Lawyers have plied their trade for centuries, but change has never been faster than today for a profession where precedent and tradition have long been the rule. Part of that reflects the impact of a financial crisis and recession that still have not fully abated. But another major challenge comes from structural changes within the profession itself that the recession has intensified: globalization (a topic covered in a separate column), technology, cost pressure, aging demographics and more. These forces have combined to unleash trends that will be an inescapable part of the legal landscape for years to come. The firms that embrace these trends will survive and thrive; those that do not will face a bleak future.

  1. It's all about the client. To be client-centric is not new for successful lawyers and businesses in general, but this trend will receive greater attention from major law firms. The Association of Corporate Counsel's Value Challenge, with a scorecard that tracks how firms demonstrate understanding of the client's goals and objectives and use efficiency of management processes to achieve them, will be the kind of client thinking that is the new normal. As a result, more firms will likely start guaranteeing that clients will be satisfied working with its people and receiving its services — and will have to be prepared to back up such assertions.

  2. Leverage is not dead. Getting more work done by less expensive labor has always been a key element for economic success and lower legal costs for lawyers. Increasingly, however, clients will be demanding this leverage by seeking to direct how their matter is staffed, going back to the initial budget for the matter and using lower cost legal support wherever possible. Law firms can meet this trend by bringing to the table a formal checklist that defines exactly what is expected in terms of staffing, giving due regard for expertise, efficiency and cost and with individuals assigned and their billing designated up-front.

  3. Technology will be the key to doing more with less. If billing by time is to survive, using technology to do more, faster, will reduce revenue unless firms find a way to combine technology with leverage to do the work more efficiently and thus improve profitability. More important, being able to maintain billings while becoming more efficient depends on changing the billing system to embrace alternative fee arrangements (AFA). Using contingent, fixed, capped, value fee approaches where time is not the relevant issue to determine the fee will be the trend. As a result, the rules of professional conduct must be altered to permit billings without reference to time, particularly in determining appropriateness of fees where there is a dispute.

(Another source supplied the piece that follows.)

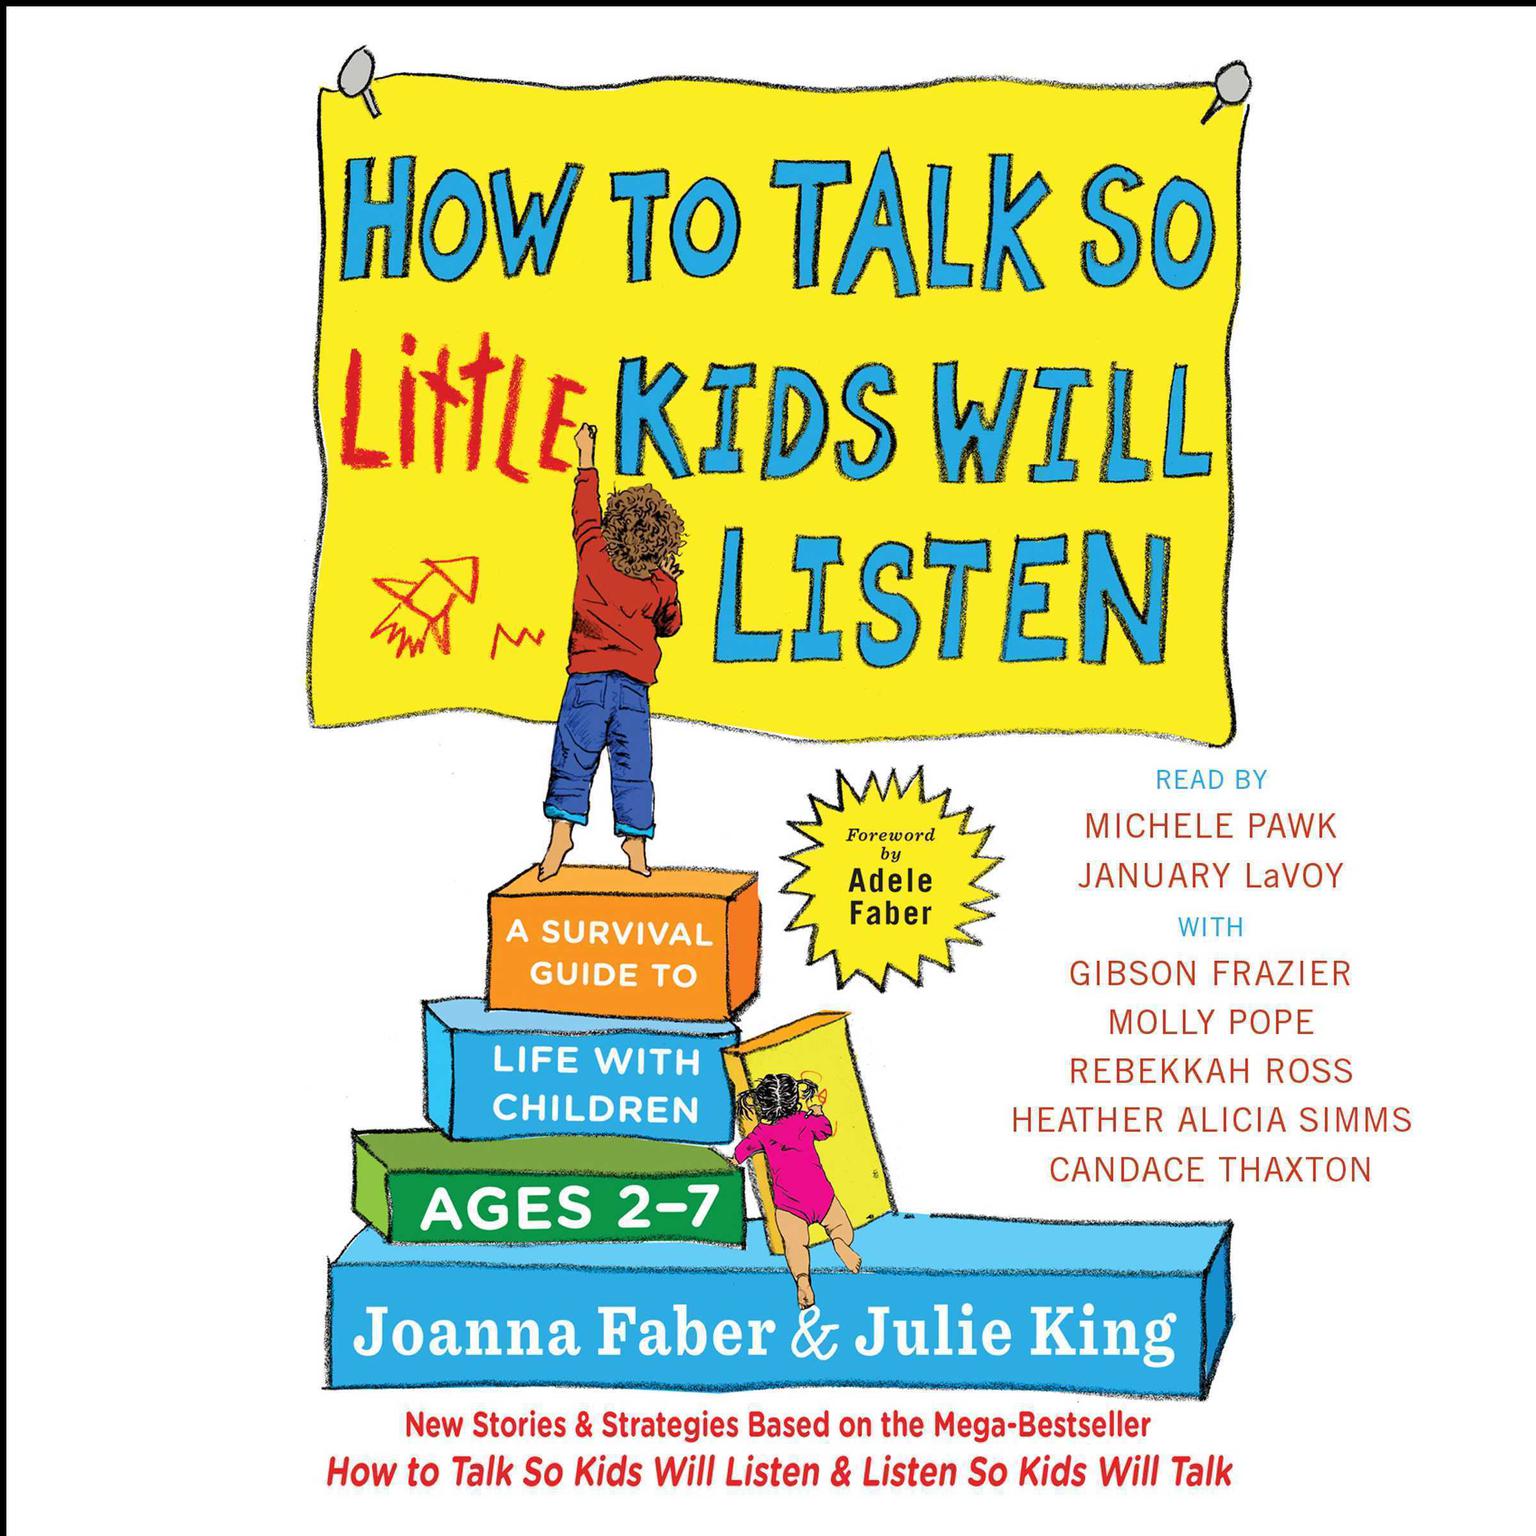 How to Talk So Little Kids Will Listen: A Survival Guide to Life with Children Ages 2-7 Audiobook, by Joanna Faber

  4. The law will continue to be an aging profession. Demographic changes will compel more lawyers to consider that their practice has a value that can be transferred to someone else as they retire and sell what they have built rather than die in their boots. Lawyers will begin to consider a “second season” to their career as they begin to live longer lives but want to escape the stress of practice. As with the other trends, this is a positive — so long as you're prepared for it.